Hopefully we can close out this antique issue if we can get a handle on the current state of affairs via a reproducible test case. Otherwise, this is at risk of being closed as stale.

rusackas avatar Apr 04 '24 18:04 rusackas

We have just upgraded to 3.1.2 and facing same error wherever we have UNION or UNION ALL inside CTE . Is there any solution we have? Please share. This Issue I have faced with Redshift and Postgresql both.

For ref I have attached Error Query and working query.
problematic query:

`with combine_data as (select 'delivery_order'                                  as table_name,
                             date(ado.finished_date)                           as order_finished_date,
                             count(case when status = 'CANCELLED' then id end) as cancelled_order,
                             count(case when status = 'COMPLETED' then id end) as completed_order,
                             count(id)                                         as total_order
                      from staging.amdelivery_delivery_order ado
                      where date(ado.finished_date) = current_date - 1
                      group by 2

                      UNION ALL

                      (select 'order_flow_history'                                        as table_name,
                              date(creation_date)                                         as order_finished_date,
                              count(case when order_flow_event = 'CANCELLED' then id end) as cancelled_order,
                              count(case when order_flow_event = 'COMPLETED' then id end) as completed_order,
                              count(id)                                                   as total_order
                       from staging.amdelivery_order_flow_history ofh
                       where date(creation_date) = current_date - 1
                       group by 2))

select table_name,
       order_finished_date,
       cancelled_order,
       completed_order,
       total_order
from combine_data`

At same Time when I removed UNION ALL statement and make separate CTE and then apply union , this worked well.

working query:

`with delivery_order as (select 'delivery_order'                                  as table_name,
                               date(ado.finished_date)                           as order_finished_date,
                               count(case when status = 'CANCELLED' then id end) as cancelled_order,
                               count(case when status = 'COMPLETED' then id end) as completed_order,
                               count(id)                                         as total_order
                        from staging.amdelivery_delivery_order ado
                        where ado.service_type IN ('delivery', 'courier')
                          and date(ado.finished_date) = current_date - 1
                        group by 2),

     order_flow_history as
         (select 'order_flow_history'                                        as table_name,
                 date(creation_date)                                         as order_finished_date,
                 count(case when order_flow_event = 'CANCELLED' then id end) as cancelled_order,
                 count(case when order_flow_event = 'COMPLETED' then id end) as completed_order,
                 count(id)                                                   as total_order
          from staging.amdelivery_order_flow_history ofh
          where date(creation_date) = current_date - 1
          group by 2),

     combine_data as (select *
                      from delivery_order
                      UNION ALL
                      select *
                      from order_flow_history)

select table_name,
       order_finished_date,
       cancelled_order,
       completed_order,
       total_order
from combine_data



`

VikramKumarArammeem avatar May 21 '24 14:05 VikramKumarArammeem

The problem seems to be related to parentheses.

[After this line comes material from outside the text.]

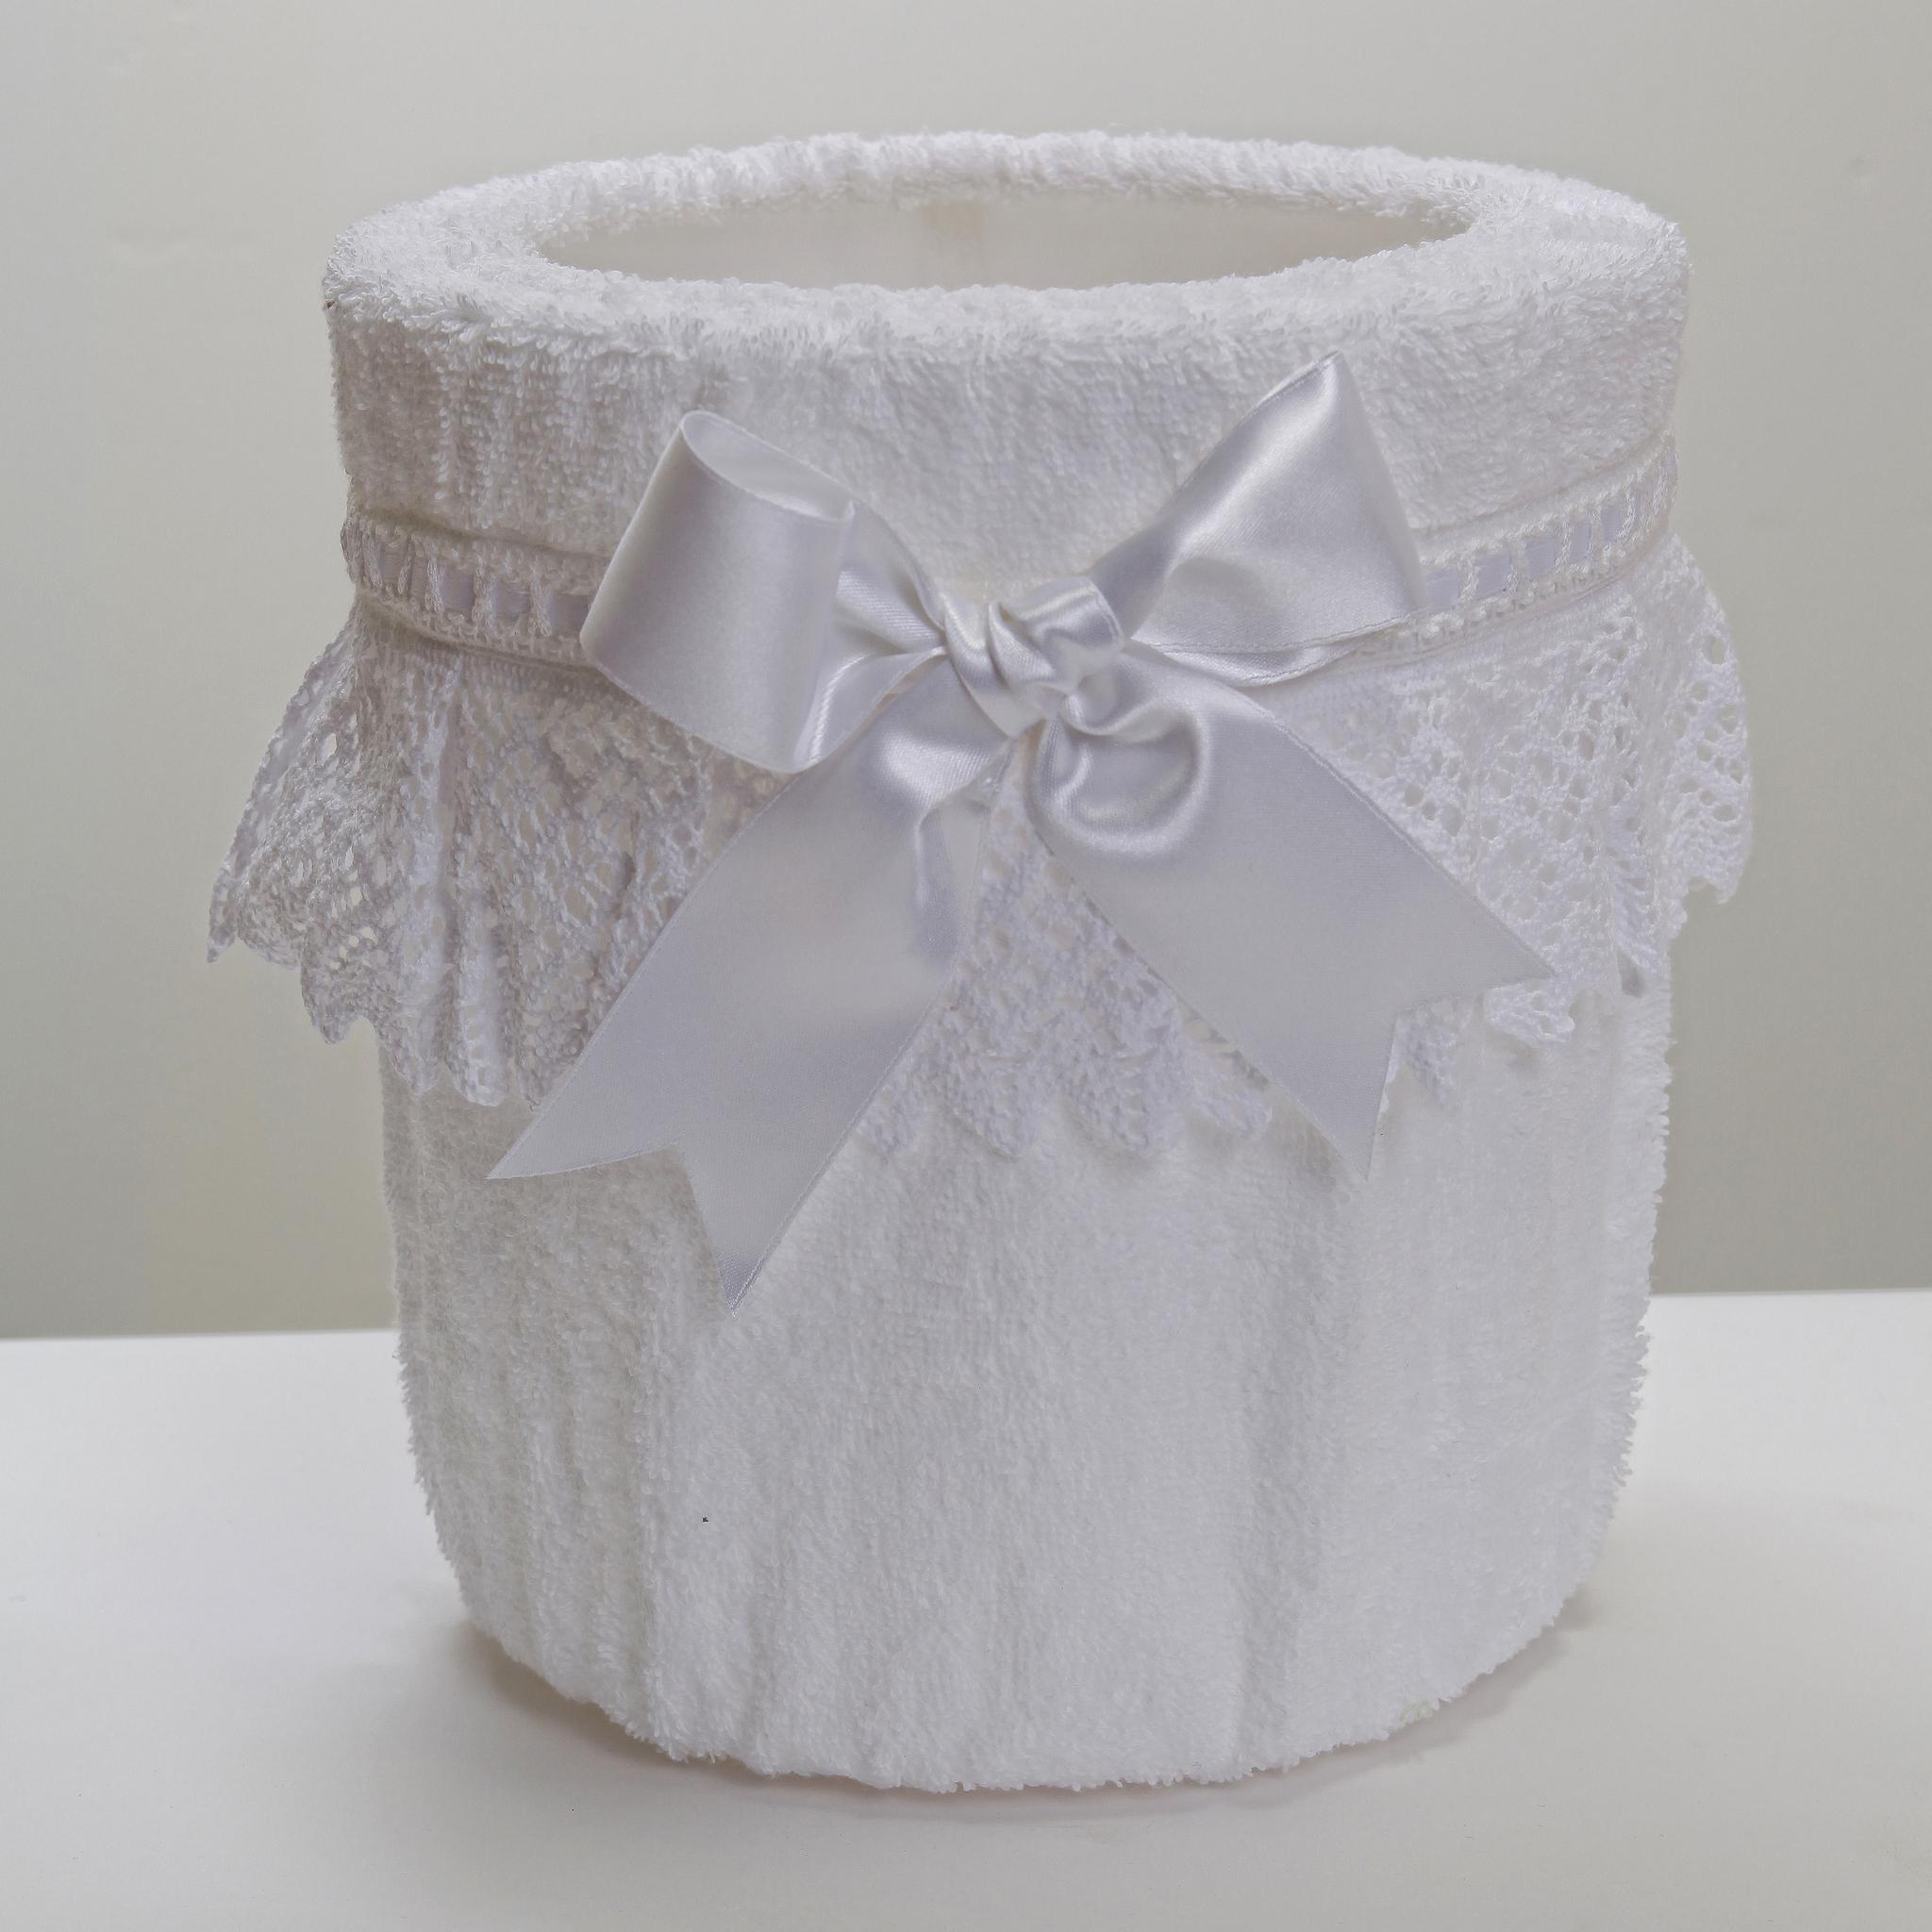 Ведра для мусора Ведро для мусора в ванную 20 Old Florence Rombetti белое vedro-dlya-musora-v-vannuyu-rombetti-ot-old-florence-italiya-belyy-tsvet.JPG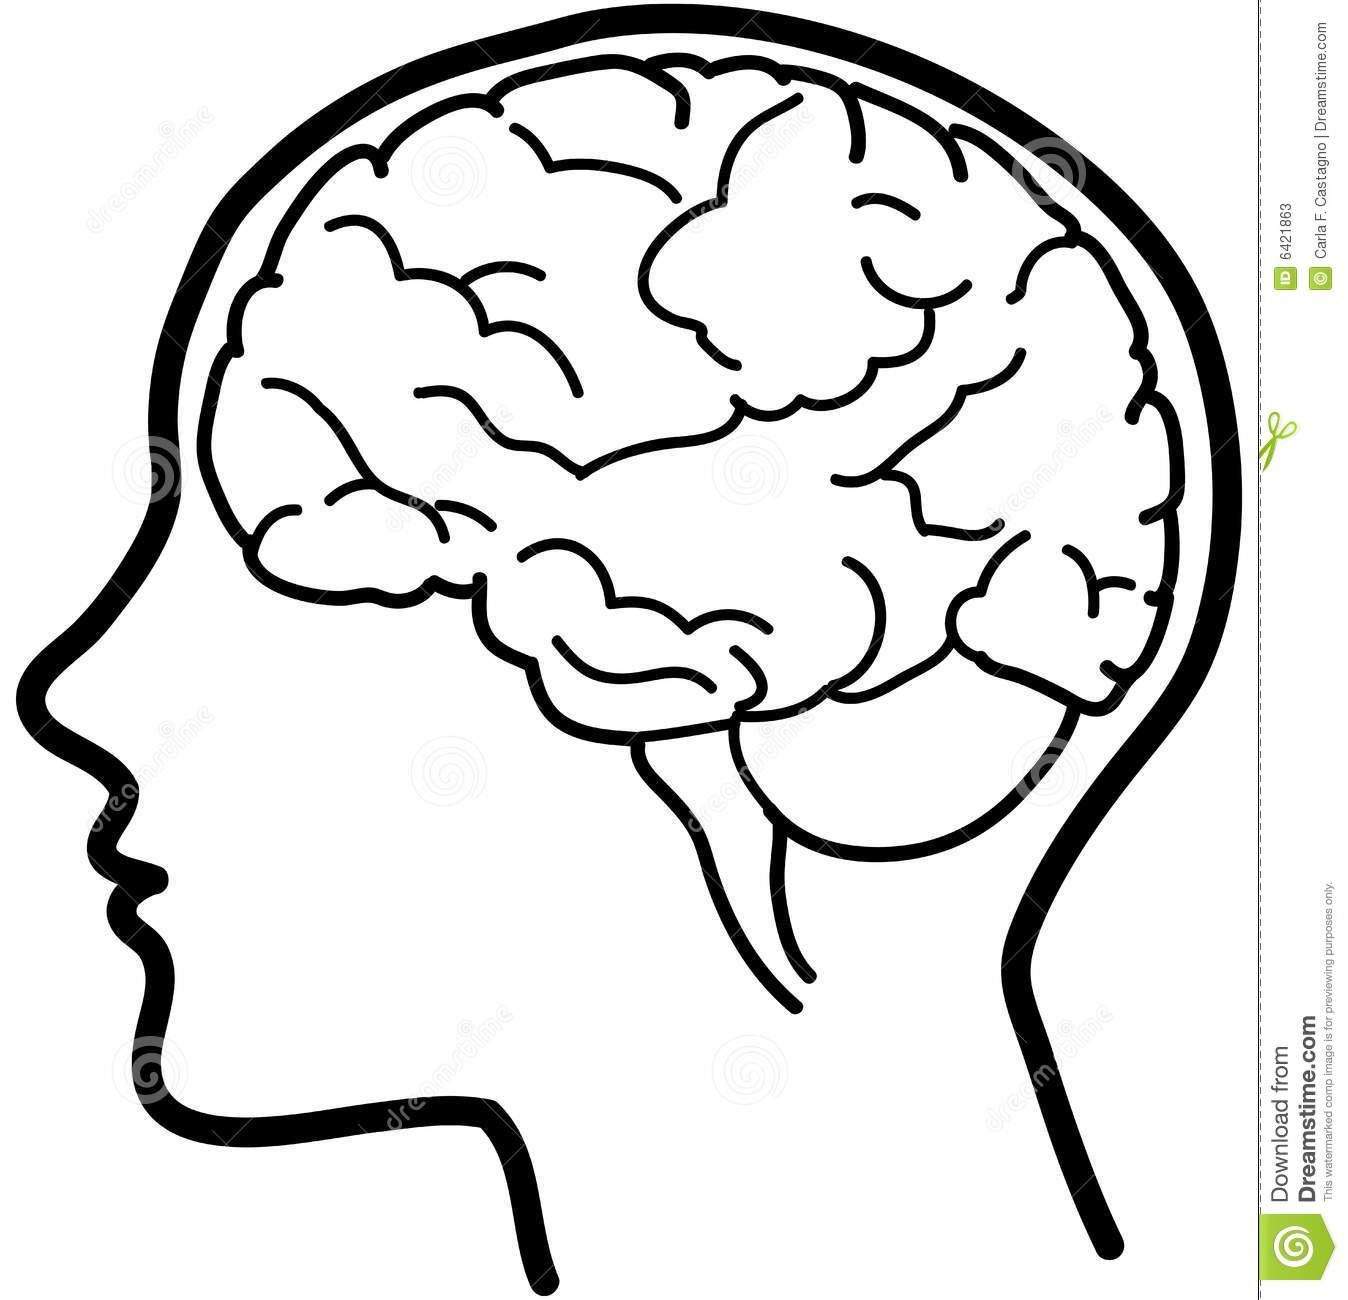 1348x1300 sai nath neuro clinic, neurology clinic in malakpet, hyderabad

If you remove the ( ) from your second subquery (select 'order_flow_history'....), it should work.

rahmedrbx avatar Oct 16 '24 00:10 rahmedrbx

Right, those parenthesis after the UNION ALL are throwing off the parser, and probably not standard/ANSI-SQL Screenshot 2024-10-17 at 8 41 31 AM

mistercrunch avatar Oct 16 '24 23:10 mistercrunch

Thank you for reporting this issue. However, the issue was reported on a version of Superset that we no longer support or it does not contain a valid Superset version. As of this moment, we only actively support Superset 4.0 and 4.1. To maintain a more actionable Issues backlog, we're going to close this issue for now. If you (or anyone reading this) are still experiencing this on a currently supported version of Superset, please either reopen this Issue, or file a new one with updated context (screenshots, reproduction steps) and we'll do our best to support it. Thank you

michael-s-molina avatar Jan 23 '25 19:01 michael-s-molina